*** Begin section ***
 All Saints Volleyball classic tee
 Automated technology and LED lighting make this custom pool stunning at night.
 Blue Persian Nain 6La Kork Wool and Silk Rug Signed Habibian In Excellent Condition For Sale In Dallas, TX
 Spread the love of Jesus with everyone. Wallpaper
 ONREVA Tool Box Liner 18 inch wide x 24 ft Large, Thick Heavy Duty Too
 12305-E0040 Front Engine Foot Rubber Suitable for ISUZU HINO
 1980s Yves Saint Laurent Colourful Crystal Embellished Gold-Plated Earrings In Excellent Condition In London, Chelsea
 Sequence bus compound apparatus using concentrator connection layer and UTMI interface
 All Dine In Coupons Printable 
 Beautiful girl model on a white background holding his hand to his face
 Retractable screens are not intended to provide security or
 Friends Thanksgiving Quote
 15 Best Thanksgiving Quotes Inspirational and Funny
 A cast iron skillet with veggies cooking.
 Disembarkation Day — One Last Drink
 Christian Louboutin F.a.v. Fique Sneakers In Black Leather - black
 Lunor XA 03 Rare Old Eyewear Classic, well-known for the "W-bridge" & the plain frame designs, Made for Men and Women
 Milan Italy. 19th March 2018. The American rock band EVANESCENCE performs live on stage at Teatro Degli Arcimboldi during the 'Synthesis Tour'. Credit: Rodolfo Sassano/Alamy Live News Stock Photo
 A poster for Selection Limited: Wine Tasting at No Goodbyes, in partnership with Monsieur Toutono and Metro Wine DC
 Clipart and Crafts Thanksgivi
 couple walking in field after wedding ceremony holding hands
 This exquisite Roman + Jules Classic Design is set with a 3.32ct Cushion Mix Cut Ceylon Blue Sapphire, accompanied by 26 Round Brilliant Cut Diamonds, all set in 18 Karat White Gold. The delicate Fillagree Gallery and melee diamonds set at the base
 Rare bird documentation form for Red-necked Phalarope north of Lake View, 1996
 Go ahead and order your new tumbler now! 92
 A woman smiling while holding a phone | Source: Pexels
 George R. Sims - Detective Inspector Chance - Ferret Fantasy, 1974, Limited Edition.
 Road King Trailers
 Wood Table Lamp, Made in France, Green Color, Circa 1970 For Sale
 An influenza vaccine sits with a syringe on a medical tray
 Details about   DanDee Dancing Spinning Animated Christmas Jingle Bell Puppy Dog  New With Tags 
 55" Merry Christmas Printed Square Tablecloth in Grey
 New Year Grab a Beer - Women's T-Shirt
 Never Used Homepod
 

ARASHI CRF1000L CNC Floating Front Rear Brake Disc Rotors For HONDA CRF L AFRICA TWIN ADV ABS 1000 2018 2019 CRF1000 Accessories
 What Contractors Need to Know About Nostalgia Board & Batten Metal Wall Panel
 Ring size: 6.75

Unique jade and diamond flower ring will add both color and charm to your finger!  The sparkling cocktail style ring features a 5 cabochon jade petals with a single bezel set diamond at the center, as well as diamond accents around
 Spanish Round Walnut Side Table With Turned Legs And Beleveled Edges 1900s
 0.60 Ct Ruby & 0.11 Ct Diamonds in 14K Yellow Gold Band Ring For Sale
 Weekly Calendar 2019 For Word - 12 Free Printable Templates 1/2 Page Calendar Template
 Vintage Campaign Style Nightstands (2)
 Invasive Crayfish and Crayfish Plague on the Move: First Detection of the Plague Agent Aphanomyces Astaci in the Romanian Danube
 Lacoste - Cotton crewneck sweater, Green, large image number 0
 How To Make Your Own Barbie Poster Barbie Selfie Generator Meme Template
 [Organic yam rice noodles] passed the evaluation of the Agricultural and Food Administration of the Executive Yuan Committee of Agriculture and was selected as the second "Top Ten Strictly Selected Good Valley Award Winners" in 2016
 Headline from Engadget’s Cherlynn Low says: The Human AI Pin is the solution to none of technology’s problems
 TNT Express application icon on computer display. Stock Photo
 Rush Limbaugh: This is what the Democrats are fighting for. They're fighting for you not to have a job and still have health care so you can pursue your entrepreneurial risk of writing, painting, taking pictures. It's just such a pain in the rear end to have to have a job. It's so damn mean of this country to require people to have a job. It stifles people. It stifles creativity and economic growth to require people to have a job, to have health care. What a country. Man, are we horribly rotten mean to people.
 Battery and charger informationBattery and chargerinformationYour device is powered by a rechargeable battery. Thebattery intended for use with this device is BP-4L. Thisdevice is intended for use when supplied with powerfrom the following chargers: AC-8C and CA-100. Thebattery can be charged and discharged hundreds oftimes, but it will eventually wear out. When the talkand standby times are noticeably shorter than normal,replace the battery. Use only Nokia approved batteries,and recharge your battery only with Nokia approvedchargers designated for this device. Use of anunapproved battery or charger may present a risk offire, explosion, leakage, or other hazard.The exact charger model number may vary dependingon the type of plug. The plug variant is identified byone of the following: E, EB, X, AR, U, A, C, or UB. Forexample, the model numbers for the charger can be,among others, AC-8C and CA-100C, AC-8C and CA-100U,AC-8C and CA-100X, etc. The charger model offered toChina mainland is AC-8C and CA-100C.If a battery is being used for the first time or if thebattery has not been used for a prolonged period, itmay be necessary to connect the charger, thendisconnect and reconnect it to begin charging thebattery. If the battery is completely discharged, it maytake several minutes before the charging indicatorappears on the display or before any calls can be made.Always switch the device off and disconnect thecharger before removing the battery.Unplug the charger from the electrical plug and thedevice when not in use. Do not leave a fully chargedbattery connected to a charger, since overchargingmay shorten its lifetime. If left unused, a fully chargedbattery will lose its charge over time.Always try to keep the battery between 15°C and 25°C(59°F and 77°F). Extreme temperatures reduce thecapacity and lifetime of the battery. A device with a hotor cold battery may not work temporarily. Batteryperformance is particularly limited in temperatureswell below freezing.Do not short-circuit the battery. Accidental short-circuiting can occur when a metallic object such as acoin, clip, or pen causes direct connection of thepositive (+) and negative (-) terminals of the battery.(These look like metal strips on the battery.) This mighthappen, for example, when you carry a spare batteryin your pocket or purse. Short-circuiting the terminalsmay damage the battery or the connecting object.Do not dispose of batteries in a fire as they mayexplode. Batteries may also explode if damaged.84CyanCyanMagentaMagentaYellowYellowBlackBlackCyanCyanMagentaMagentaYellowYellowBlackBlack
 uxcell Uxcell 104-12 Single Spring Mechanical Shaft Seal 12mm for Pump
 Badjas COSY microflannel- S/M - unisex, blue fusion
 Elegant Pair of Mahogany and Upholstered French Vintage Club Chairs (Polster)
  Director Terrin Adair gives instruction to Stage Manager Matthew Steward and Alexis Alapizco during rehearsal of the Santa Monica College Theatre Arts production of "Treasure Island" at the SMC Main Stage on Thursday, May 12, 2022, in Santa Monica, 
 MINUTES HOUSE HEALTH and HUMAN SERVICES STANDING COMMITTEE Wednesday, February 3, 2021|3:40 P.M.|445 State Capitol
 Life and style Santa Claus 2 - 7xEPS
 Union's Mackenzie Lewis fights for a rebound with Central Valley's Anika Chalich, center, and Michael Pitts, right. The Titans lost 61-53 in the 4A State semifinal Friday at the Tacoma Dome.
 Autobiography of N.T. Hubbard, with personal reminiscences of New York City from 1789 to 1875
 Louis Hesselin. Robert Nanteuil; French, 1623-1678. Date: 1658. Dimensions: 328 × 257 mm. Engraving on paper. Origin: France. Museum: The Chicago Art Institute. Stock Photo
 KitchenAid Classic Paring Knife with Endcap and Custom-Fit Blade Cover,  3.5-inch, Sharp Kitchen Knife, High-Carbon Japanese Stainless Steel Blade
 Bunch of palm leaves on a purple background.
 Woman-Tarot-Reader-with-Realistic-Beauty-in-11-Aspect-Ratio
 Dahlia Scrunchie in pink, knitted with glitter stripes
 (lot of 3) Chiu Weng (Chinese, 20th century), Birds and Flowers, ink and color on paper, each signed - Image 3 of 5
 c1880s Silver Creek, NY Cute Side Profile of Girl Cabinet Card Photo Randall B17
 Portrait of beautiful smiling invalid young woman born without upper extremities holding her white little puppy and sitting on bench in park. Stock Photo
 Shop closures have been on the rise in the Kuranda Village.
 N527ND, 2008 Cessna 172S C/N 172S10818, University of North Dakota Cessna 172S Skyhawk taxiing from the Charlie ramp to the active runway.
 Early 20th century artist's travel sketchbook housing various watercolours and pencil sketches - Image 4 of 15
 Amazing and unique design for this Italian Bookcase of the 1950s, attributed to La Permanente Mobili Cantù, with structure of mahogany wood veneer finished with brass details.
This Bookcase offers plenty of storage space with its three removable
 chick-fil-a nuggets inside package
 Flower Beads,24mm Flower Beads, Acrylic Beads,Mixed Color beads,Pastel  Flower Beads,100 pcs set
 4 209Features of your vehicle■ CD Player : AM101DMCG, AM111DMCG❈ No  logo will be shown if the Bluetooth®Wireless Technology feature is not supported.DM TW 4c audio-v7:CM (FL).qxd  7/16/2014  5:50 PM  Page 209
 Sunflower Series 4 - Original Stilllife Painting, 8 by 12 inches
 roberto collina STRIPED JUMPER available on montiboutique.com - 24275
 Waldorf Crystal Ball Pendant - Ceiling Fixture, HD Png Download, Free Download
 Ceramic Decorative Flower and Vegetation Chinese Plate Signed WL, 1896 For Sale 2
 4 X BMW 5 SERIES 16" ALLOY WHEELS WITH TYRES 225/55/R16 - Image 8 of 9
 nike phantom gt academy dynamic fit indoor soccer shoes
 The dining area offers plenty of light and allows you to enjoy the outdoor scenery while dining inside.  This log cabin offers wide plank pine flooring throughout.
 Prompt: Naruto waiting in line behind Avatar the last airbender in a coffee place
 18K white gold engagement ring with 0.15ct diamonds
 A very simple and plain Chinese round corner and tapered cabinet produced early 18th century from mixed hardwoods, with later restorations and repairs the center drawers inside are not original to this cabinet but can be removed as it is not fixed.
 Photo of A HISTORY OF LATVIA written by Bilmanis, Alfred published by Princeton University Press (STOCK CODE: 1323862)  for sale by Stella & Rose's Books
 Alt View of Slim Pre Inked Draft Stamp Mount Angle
*** End section ***
- EXERCISE GOAL -
Within the listing above, work out how many lines hold "century", and answer with that number only.

- THE COMPLETED TASK -
3